I have been training a BERT model on a large unsupervised dataset, and now I wish to fine tune the model on a small labelled dataset, but I can’t quite grasp how to do this conceptually, and I’m hoping some of you can help me out.
When doing the unsupervised training/self-training, everything seems fine, and I think I understand it.
In this case, my network is a standard BERT, with a linear layer on top that takes the standard 768 hidden features in BERT down to 30, which is my vocab_size. (I’m training on gene sequences, so basically one sample in my dataset, looks like this:
ASDGDFASGDFSGSDASFASDAUYRES
where I do the standard thing of masking out some of the letters and trying to predict them.

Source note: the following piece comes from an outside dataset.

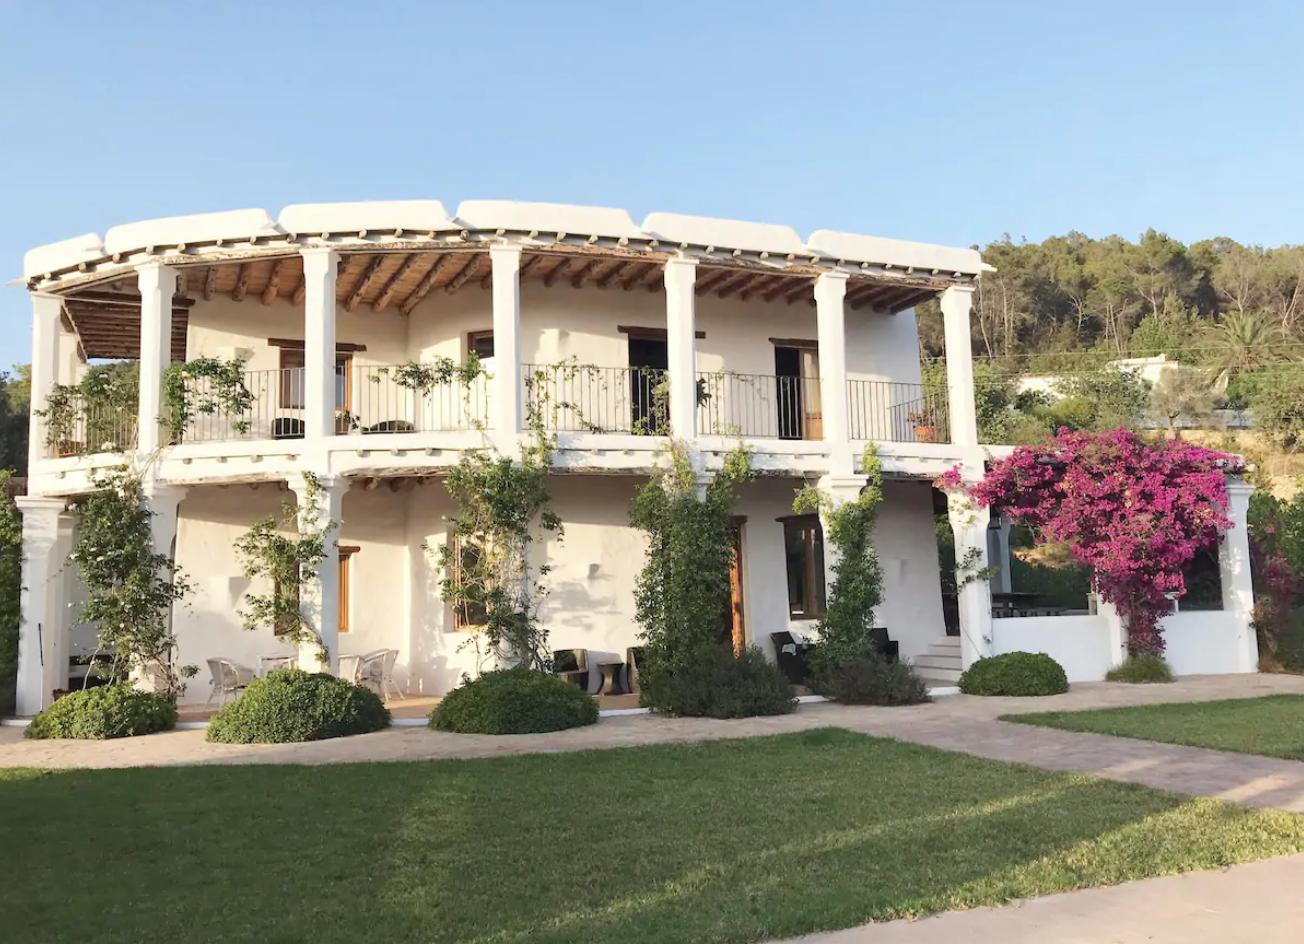 Luxury Villa in Sant Joan de Labritja, Sant LLorenc de Balafia, holiday rentals
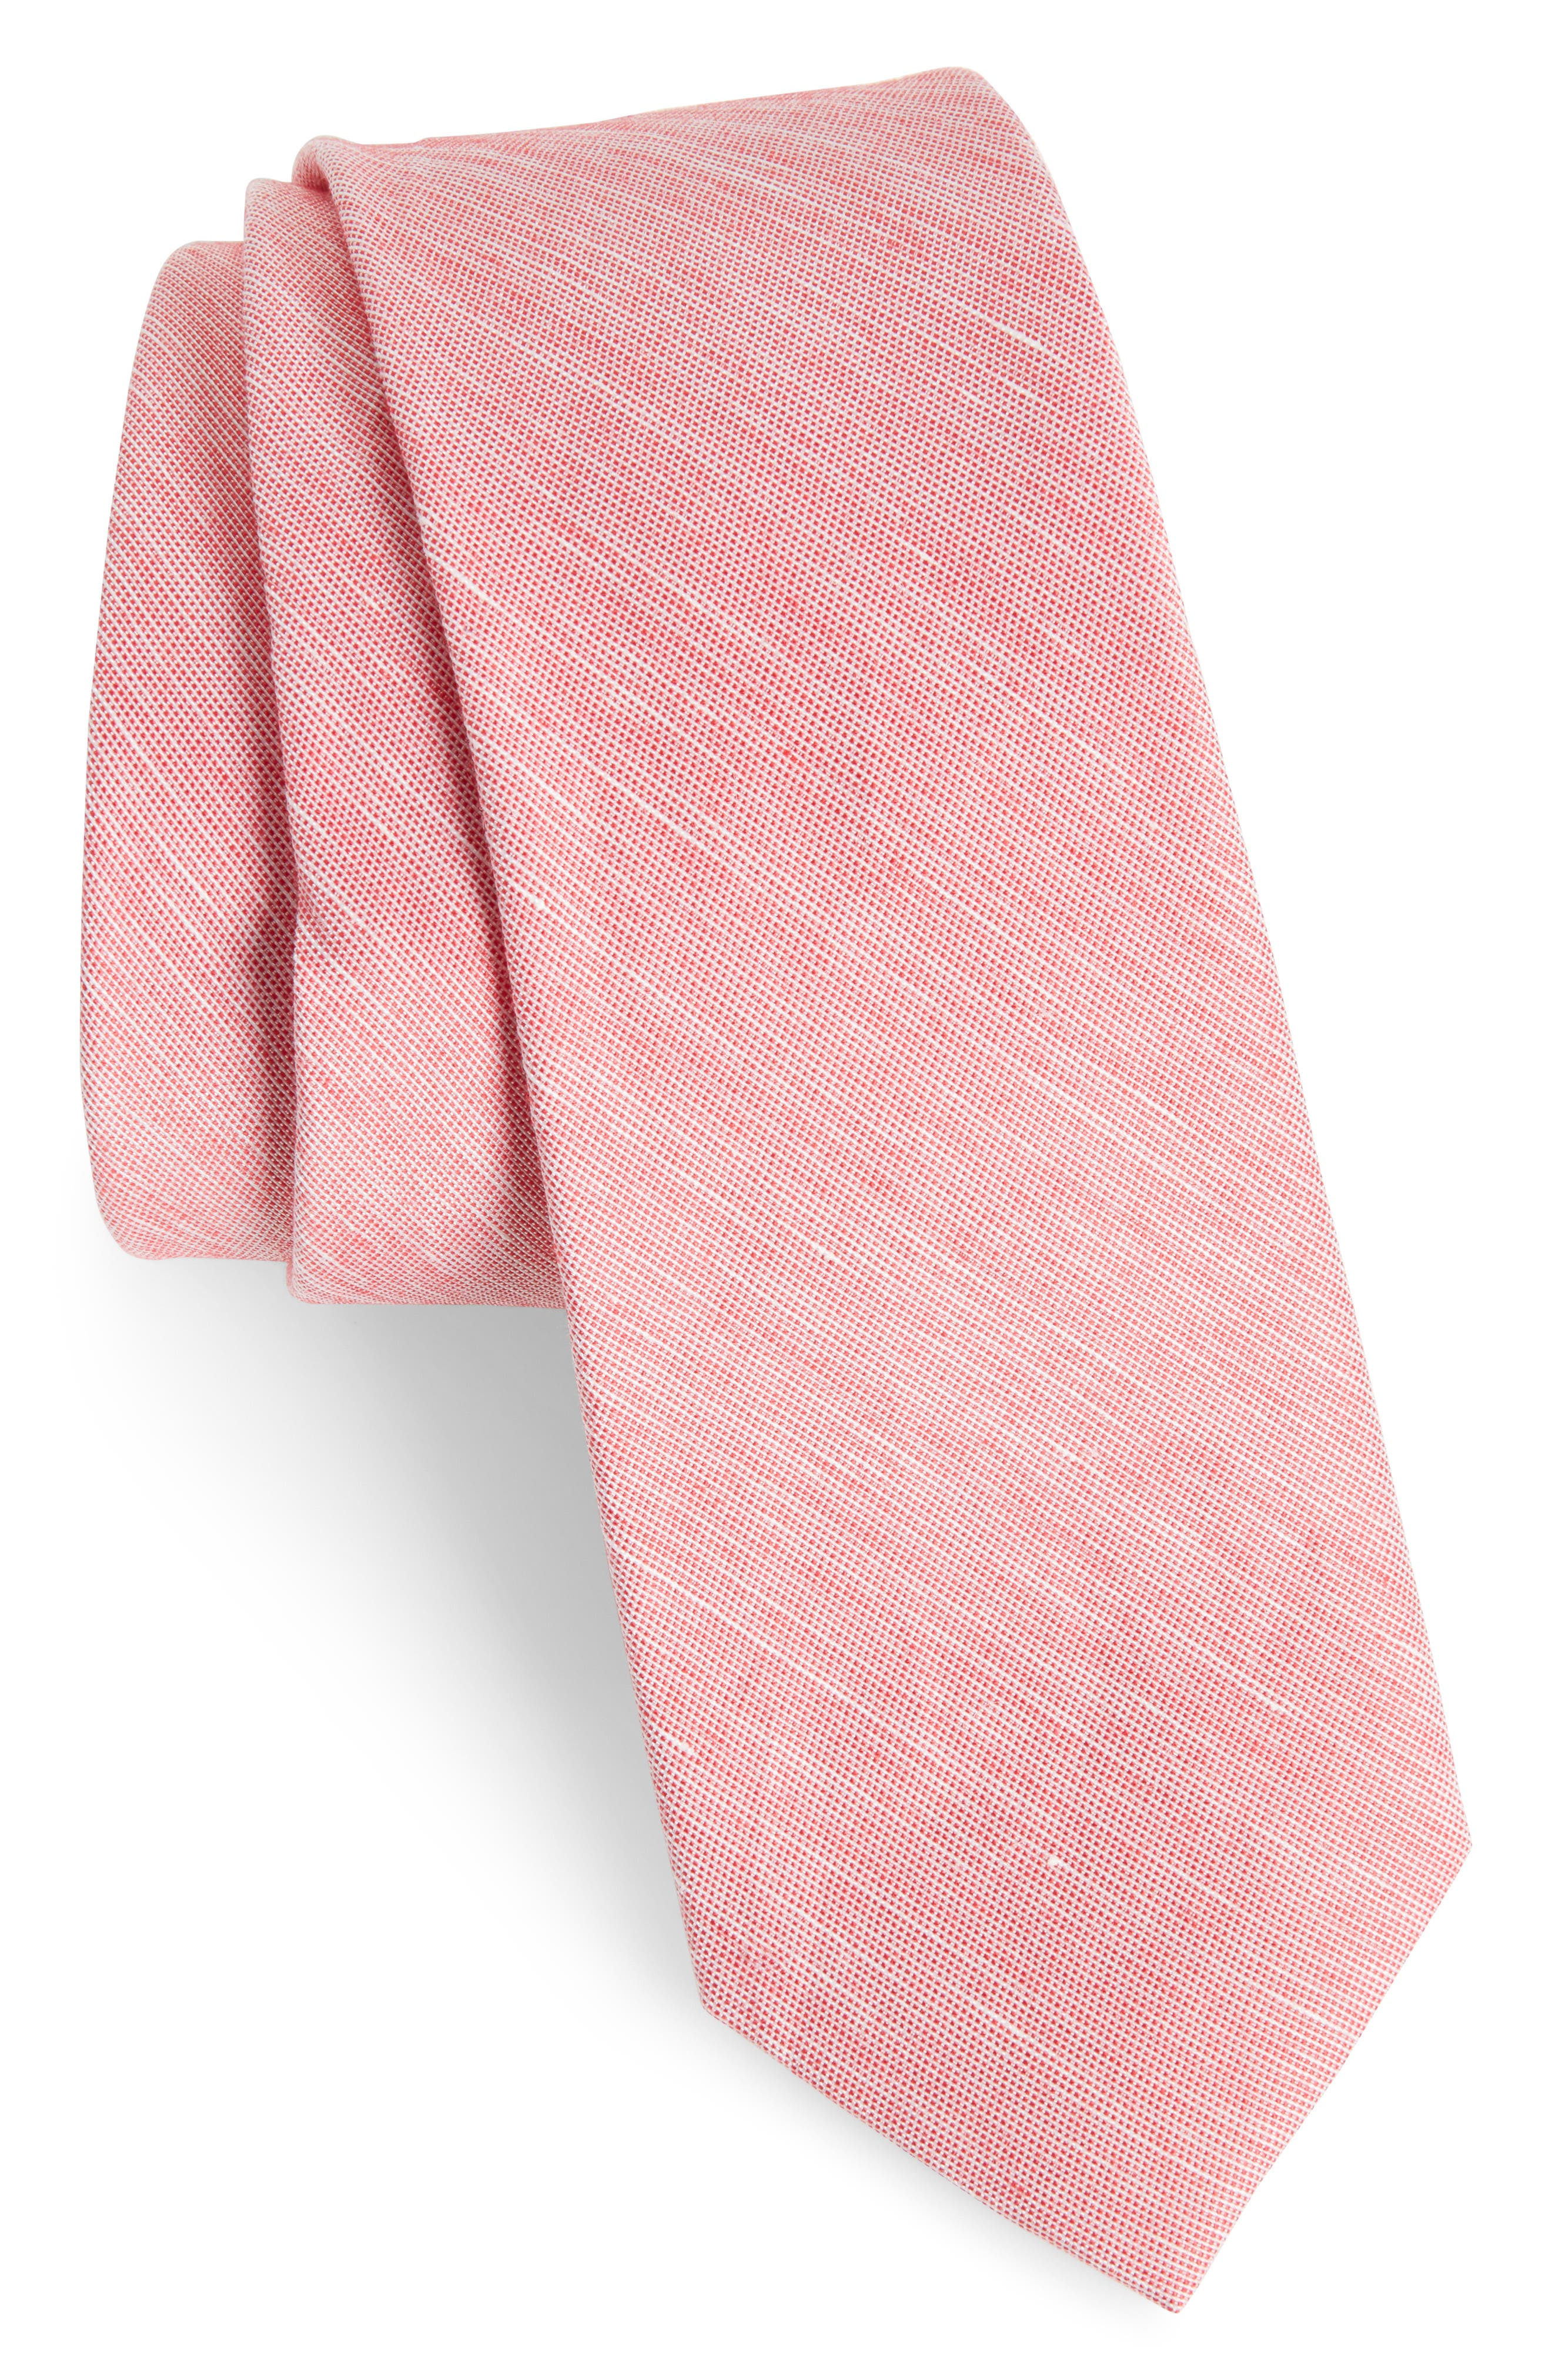 Adena Solid Silk Blend Skinny Tie,                             Main thumbnail 5, color,

So for standard training, my setup looks like this:
predicted_sequence=bert(input_sequence,masked_input_sequence)
loss = crossentropy(predicted_sequence,masked_input_sequence)
However when I now want to switch to fine-tuning I’m not really sure what to do. In this case my dataset now both consist of a gene sequence and a label sequence:
DFASDGFTHGFDDFSDASFDASF , 00000001111111100000000022222
How do I change my network such that I can now fine-train it to predict these new labels?, do I still use bert(input,masked_input_sequence)? Do I remove the linear layer on top of BERT? or what is the conceptual idea here?